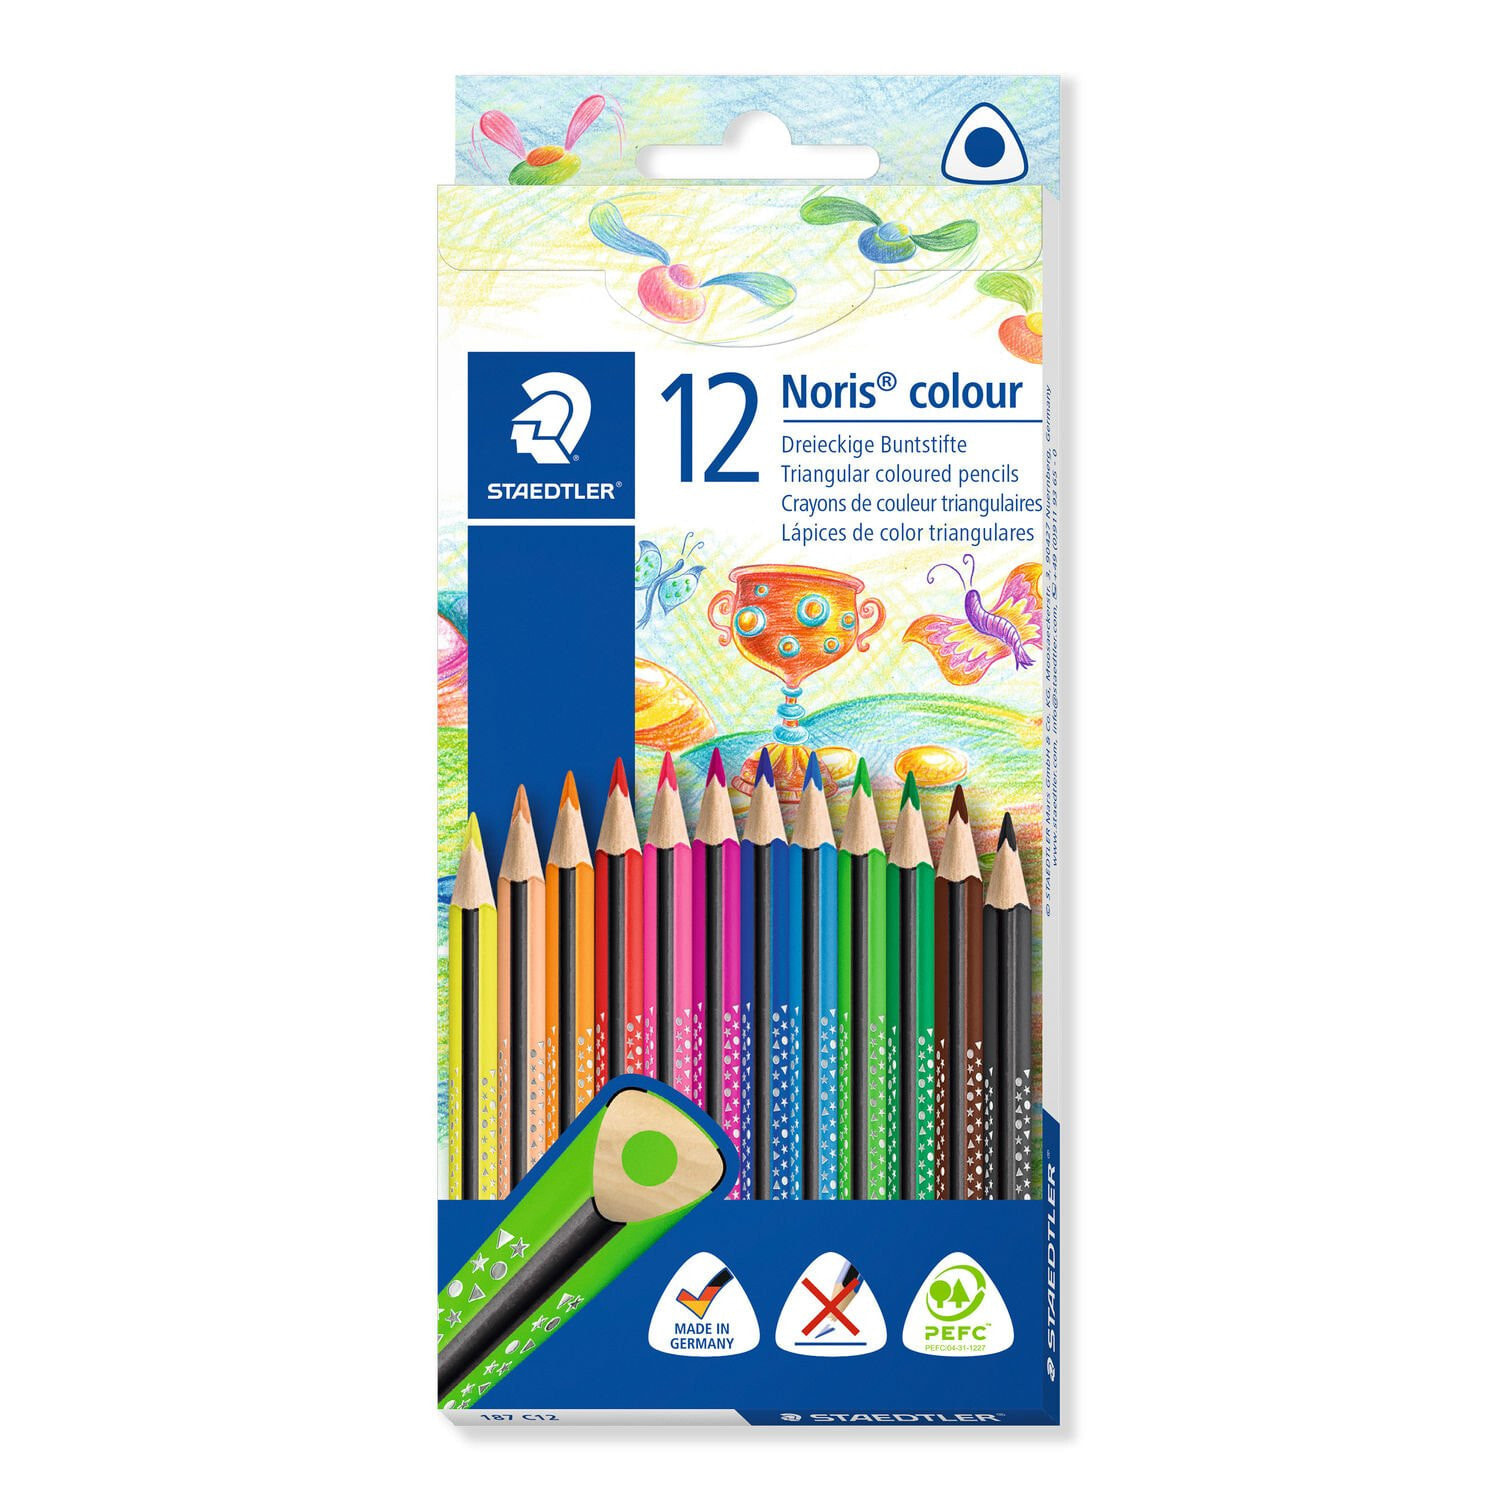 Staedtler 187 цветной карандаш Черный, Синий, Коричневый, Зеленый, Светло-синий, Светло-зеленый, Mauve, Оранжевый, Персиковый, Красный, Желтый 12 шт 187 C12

---

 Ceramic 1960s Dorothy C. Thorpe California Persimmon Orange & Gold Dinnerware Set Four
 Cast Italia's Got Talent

• _Requirement_:
Among the records above, only the lines between the line holding "Ceramic 1960s Dorothy" and the line holding "Cast Italia's Got Talent", inclusive, are to be output, exactly as written.

• _Response area_:
 Ceramic 1960s Dorothy C. Thorpe California Persimmon Orange & Gold Dinnerware Set Four
 Cast Italia's Got Talent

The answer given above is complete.